A 29-year-old man in the United Kingdom says he was blinded in the right eye care after he wore his contact lenses in the shower.
A parasite living in water found its way into Nick Humphreys’s eye from the shower and left him blind in one eye, according to a personal story shared by Humphreys with the Shropshire Star.
“It was a bright but chilly Friday afternoon in January last year when I first noticed something seriously wrong. My right eye care had been a bit dry all week, but I simply put it down to early mornings and a lack of sleep. But this was something more,” shared Humphreys who’s a local journalist from Shrewsbury, Shropshire.
He said he’s been wearing glasses since the age of four or five but was never happy the way he looked in them. Humphreys started using contact lenses in 2013.
How Did the Infection Happen?
Humphreys said he consulted few eye specialists and had five scrapings from his infected eye sent for testing. The results showed that his eye was infected by Acanthamoeba keratitis (AK), a micro-organism found in water.
“After using disinfectant eye drops for three weeks, it seemed I was on the mend, but by March 2018 I found myself completely blind in my right eye,” he wrote.
He said if he would have ever known that contact lenses under the shower can cause such an infection, he would have never worn it.

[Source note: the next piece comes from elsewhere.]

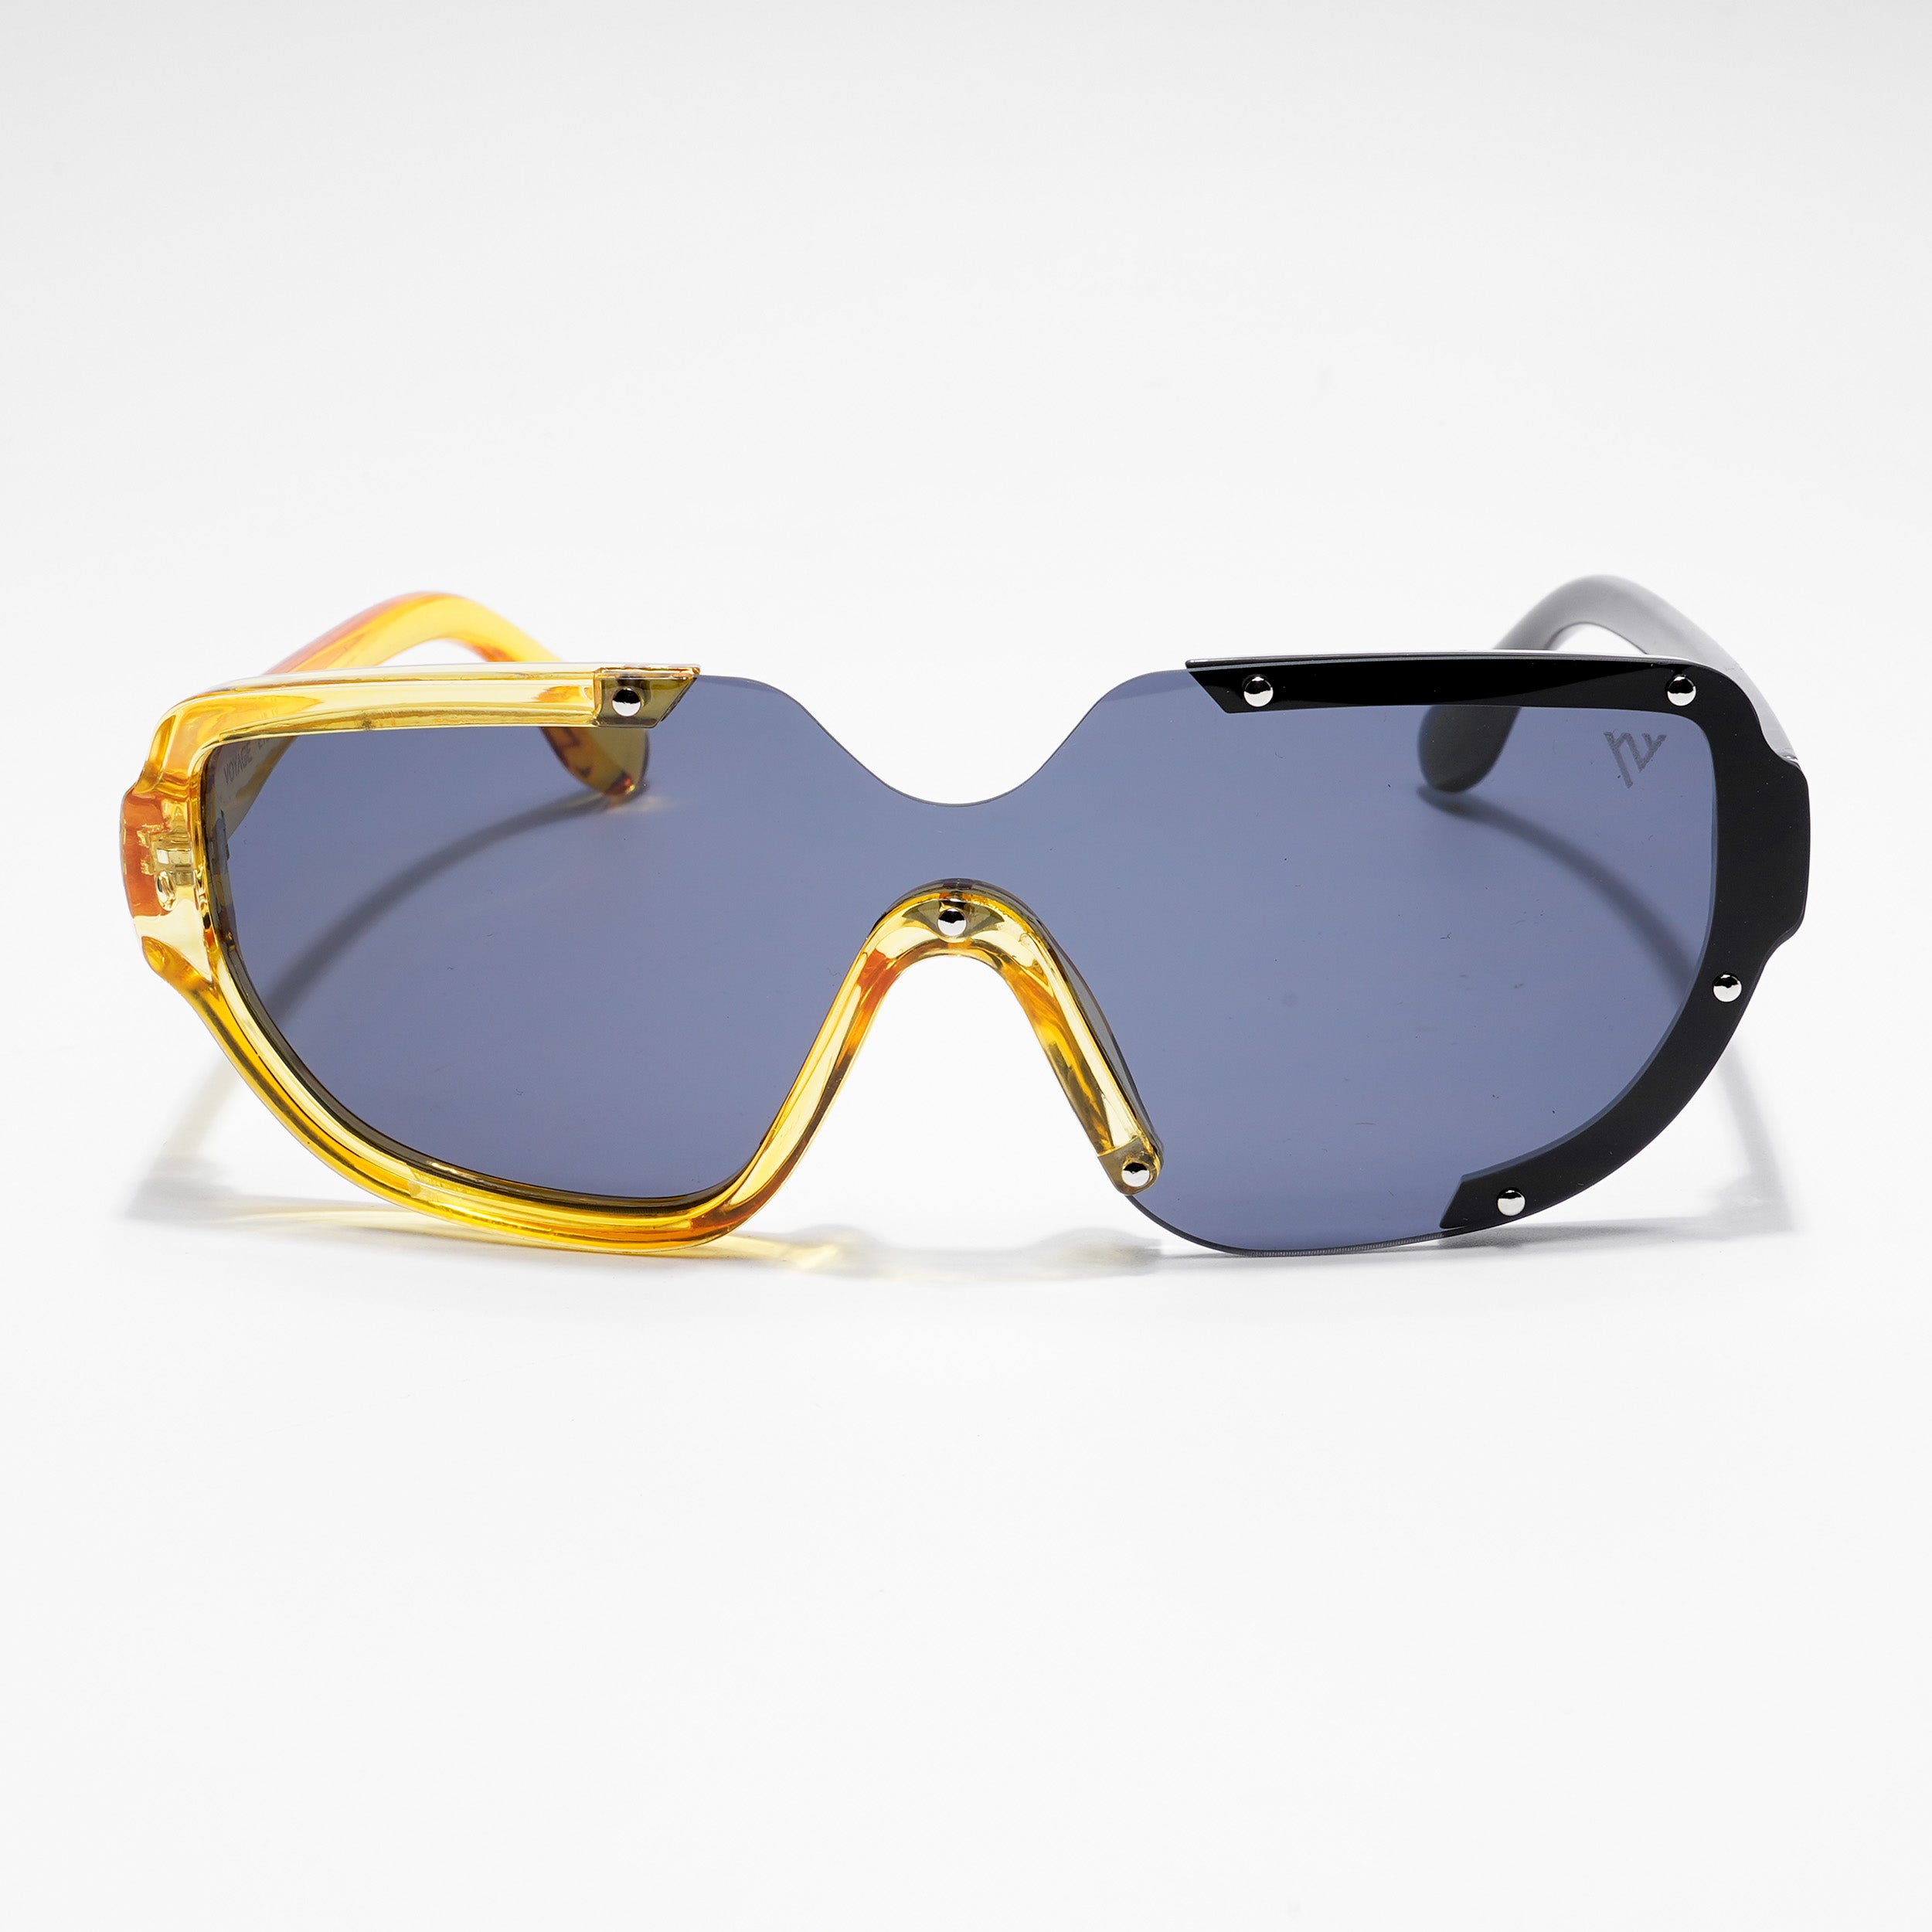 Voyage Black Wayfarer Sunglasses for Men & Women - MG4184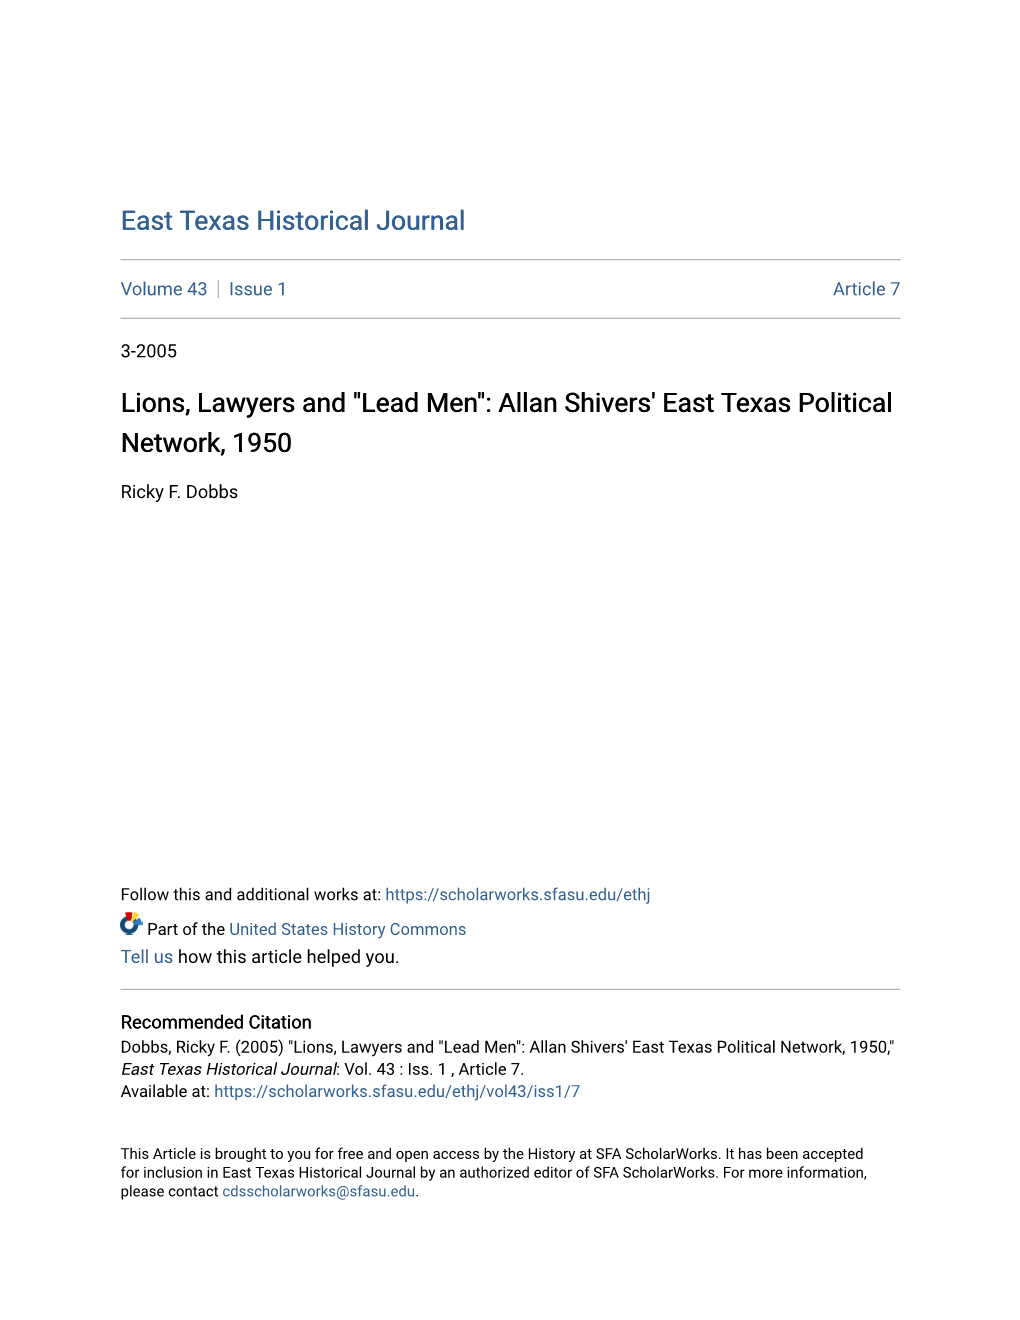 Allan Shivers' East Texas Political Network, 1950

“It’s crucial that people out there know this is a reality and can happen because of something as simple as showering,” wrote Humphreys on Shropshire Star.
Contact Lens Dangers
Fight for Sight conducted a poll in July this year that proved that many people in the United Kingdom put their eyesight under risk due to unhealthy contact lens habits, reported News Medical Life Sciences.
The poll showed that 56 percent of those who participated in it, admitted that they wear contact lenses for more than 12 hours continuously which is the recommended time. 54 percent said they have gone swimming or showered with contact lenses on and 47 percent said they slept while wearing them.
News Medical Life Sciences reported that Acanthamoeba keratitis, the microorganism that infected Humphreys, infects 1.2 to 3 million people every year around the world.
If not treated immediately it can lead to complete loss of eye vision.